> _Work task_: An exact transcription of the records is required, minus any images.

Data excerpts:
########################################

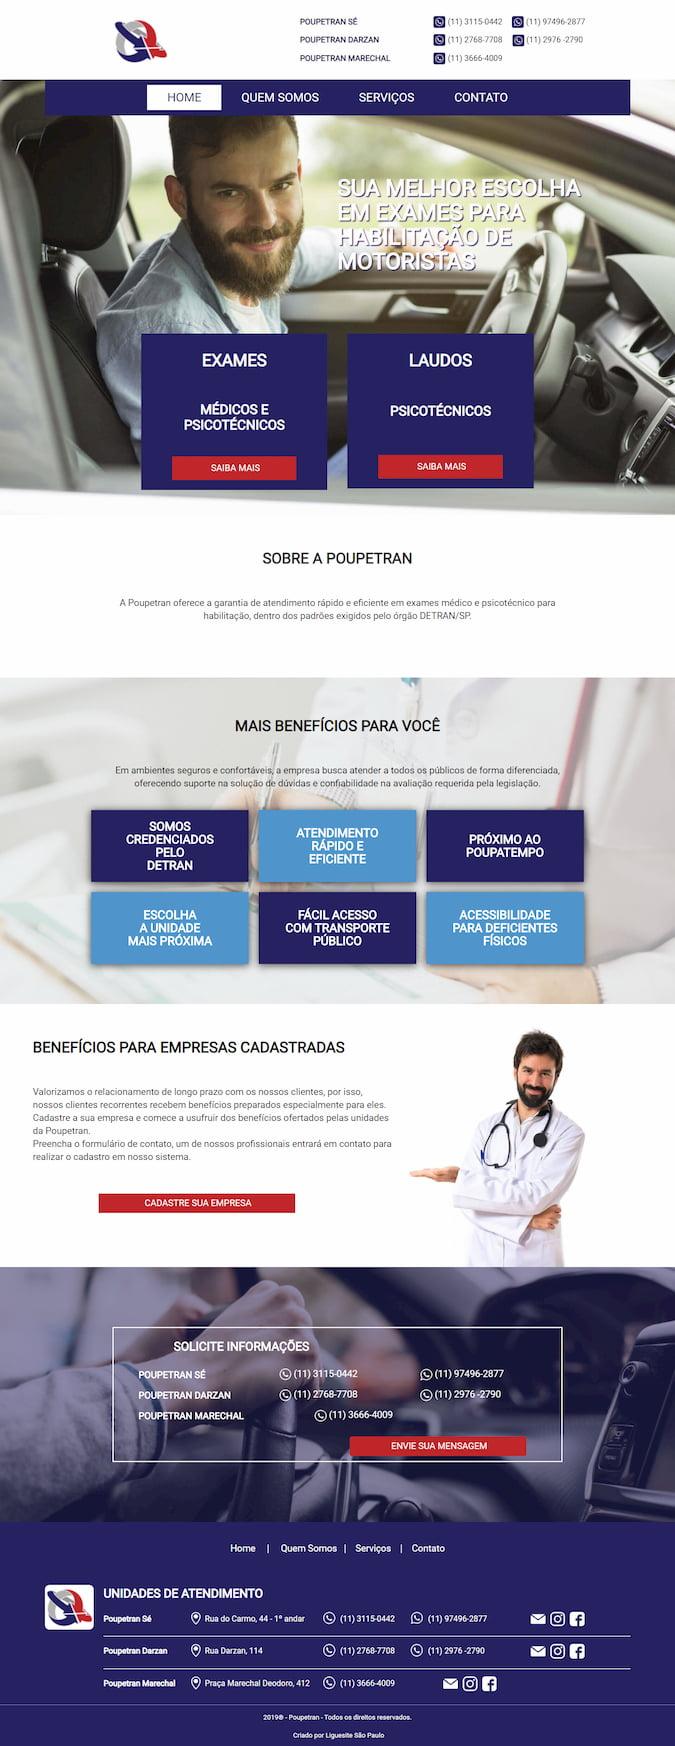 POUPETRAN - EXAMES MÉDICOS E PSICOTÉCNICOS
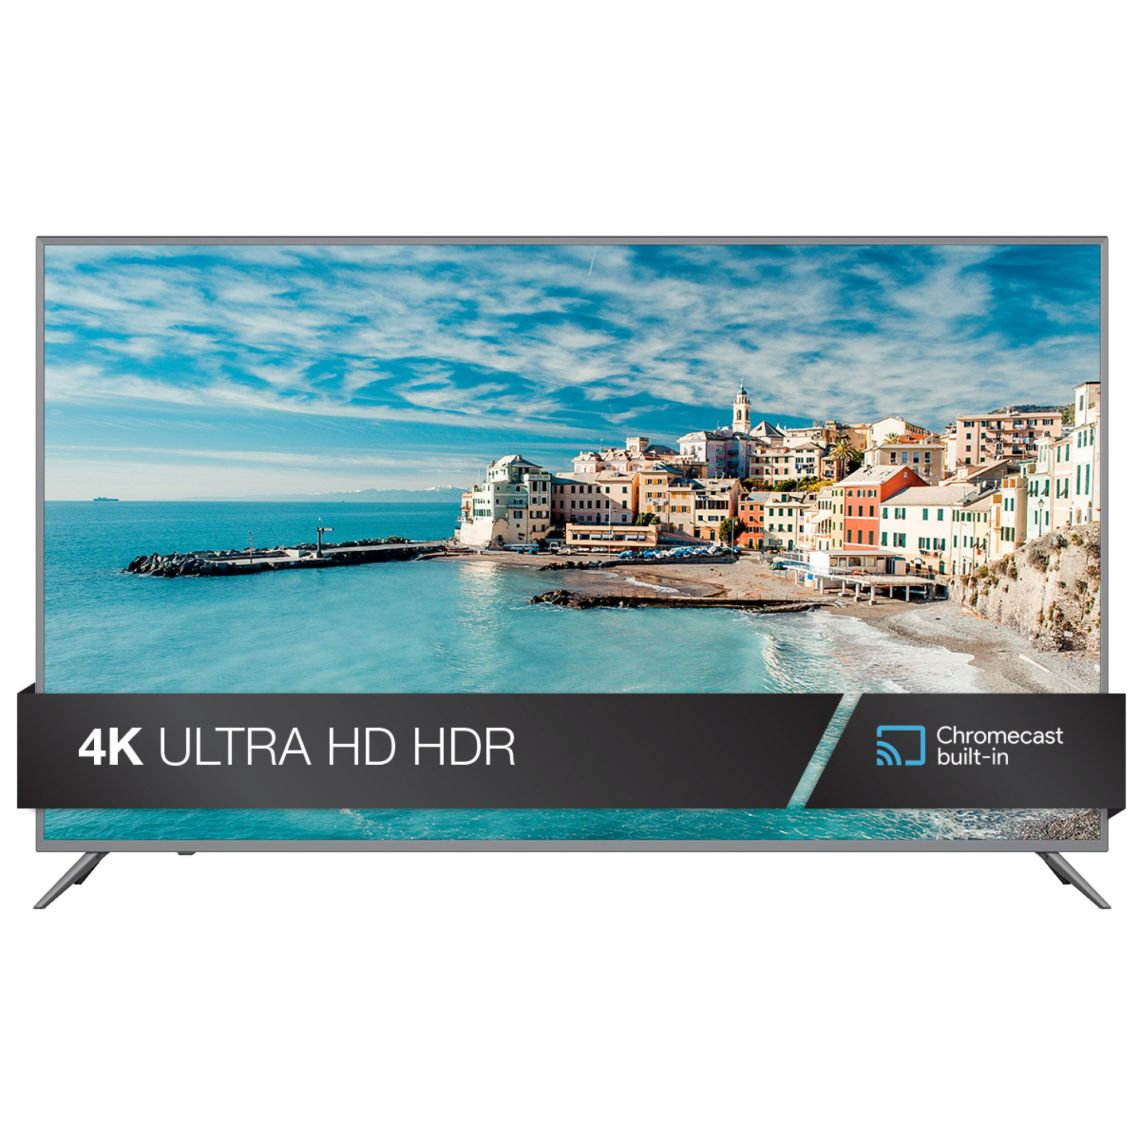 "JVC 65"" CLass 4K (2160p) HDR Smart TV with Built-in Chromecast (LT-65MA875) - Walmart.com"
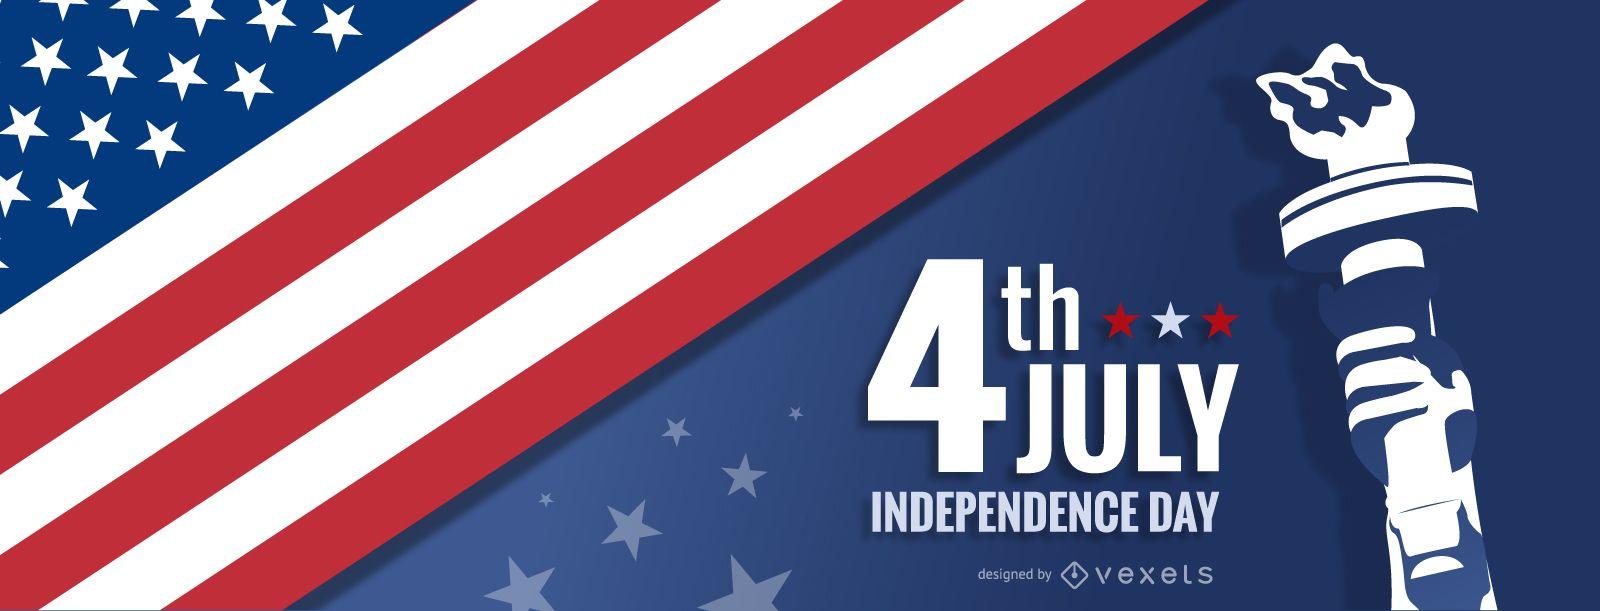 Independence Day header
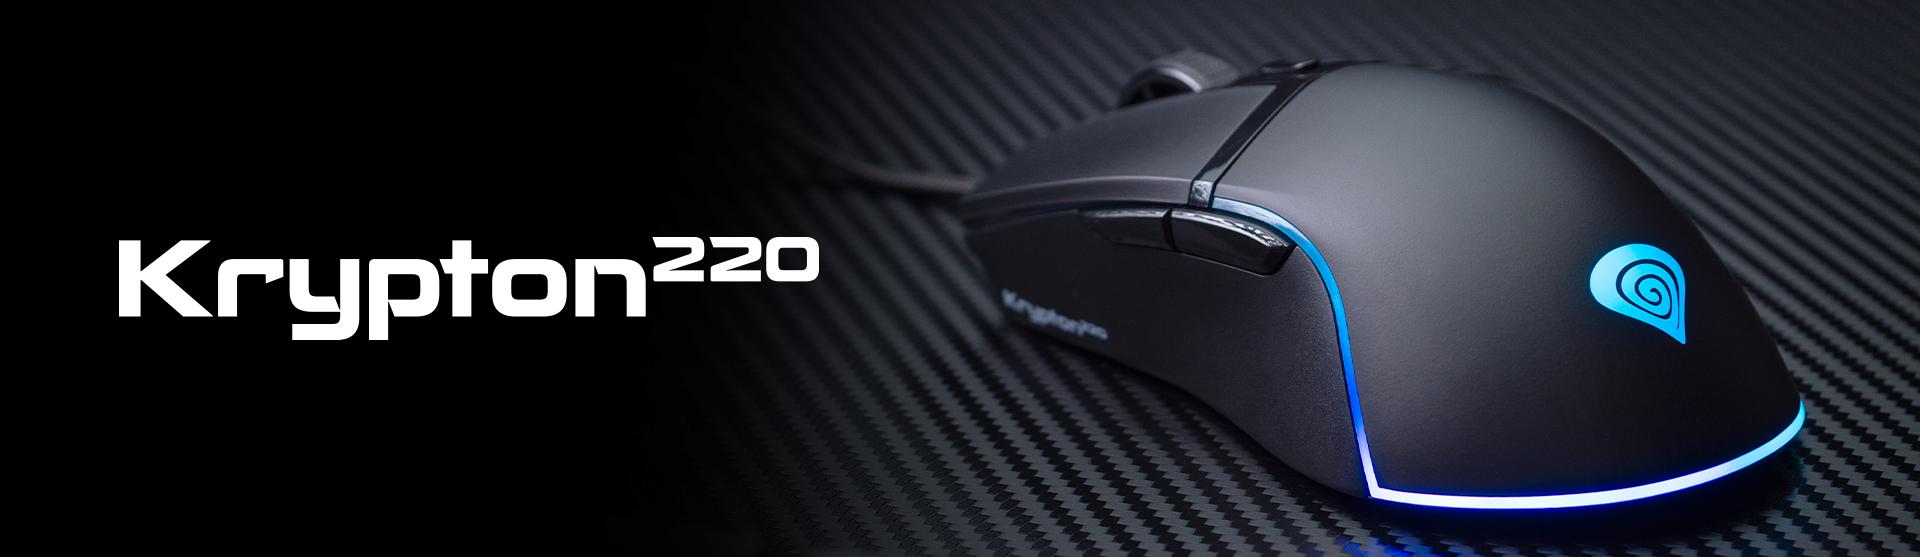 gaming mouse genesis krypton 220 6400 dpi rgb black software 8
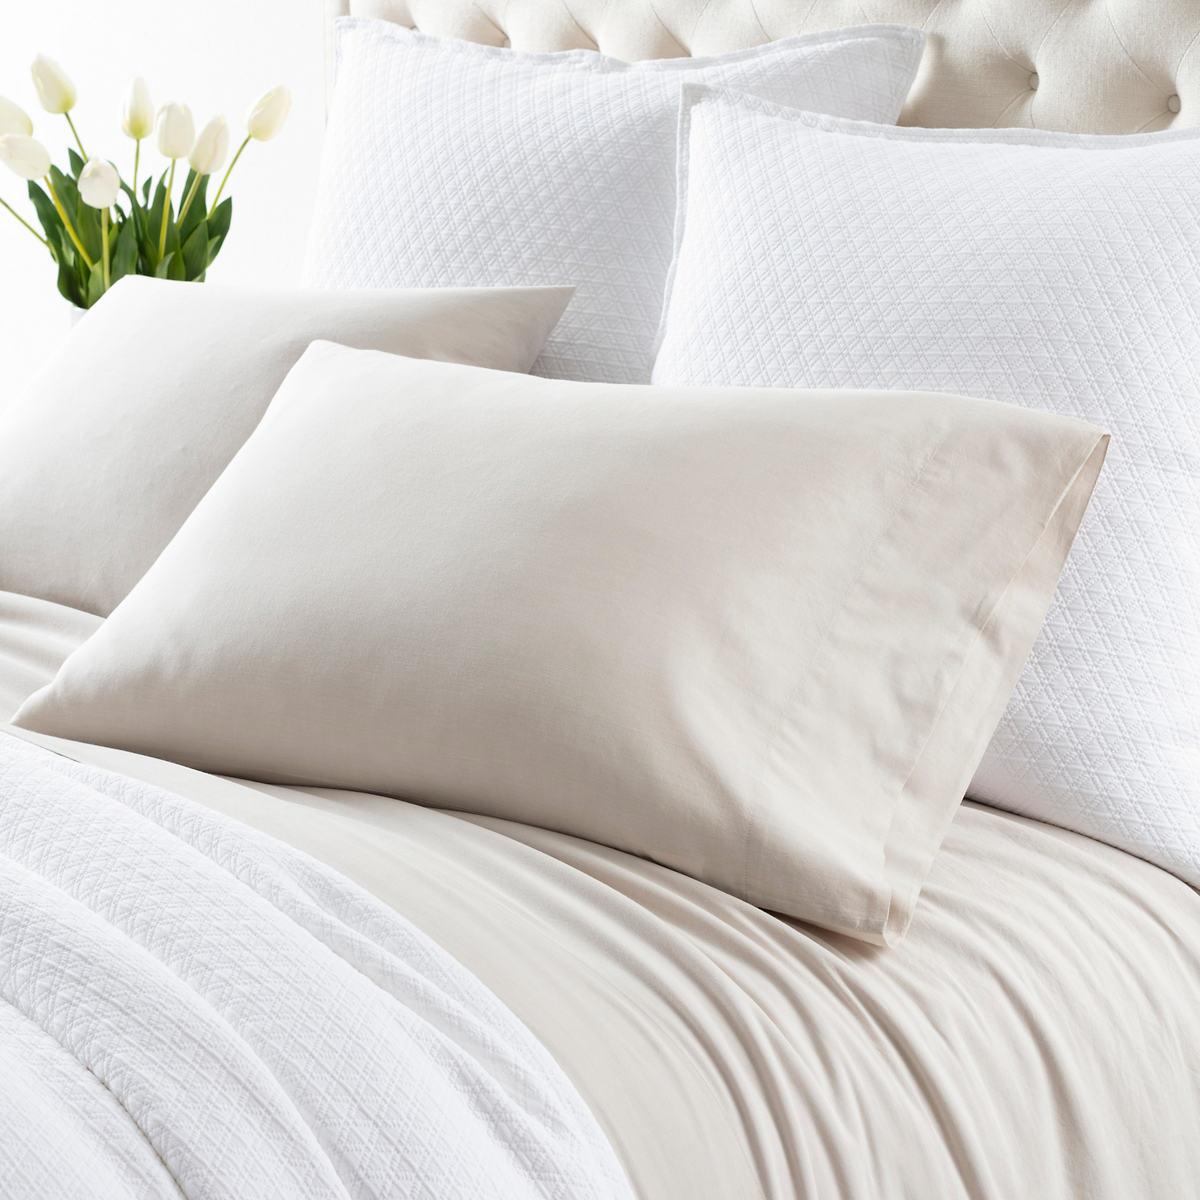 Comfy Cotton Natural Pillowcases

########################################

> _The completed task_:
 POUPETRAN - EXAMES MÉDICOS E PSICOTÉCNICOS
 "JVC 65"" CLass 4K (2160p) HDR Smart TV with Built-in Chromecast (LT-65MA875) - Walmart.com"
 Independence Day header
 gaming mouse genesis krypton 220 6400 dpi rgb black software 8
 Comfy Cotton Natural Pillowcases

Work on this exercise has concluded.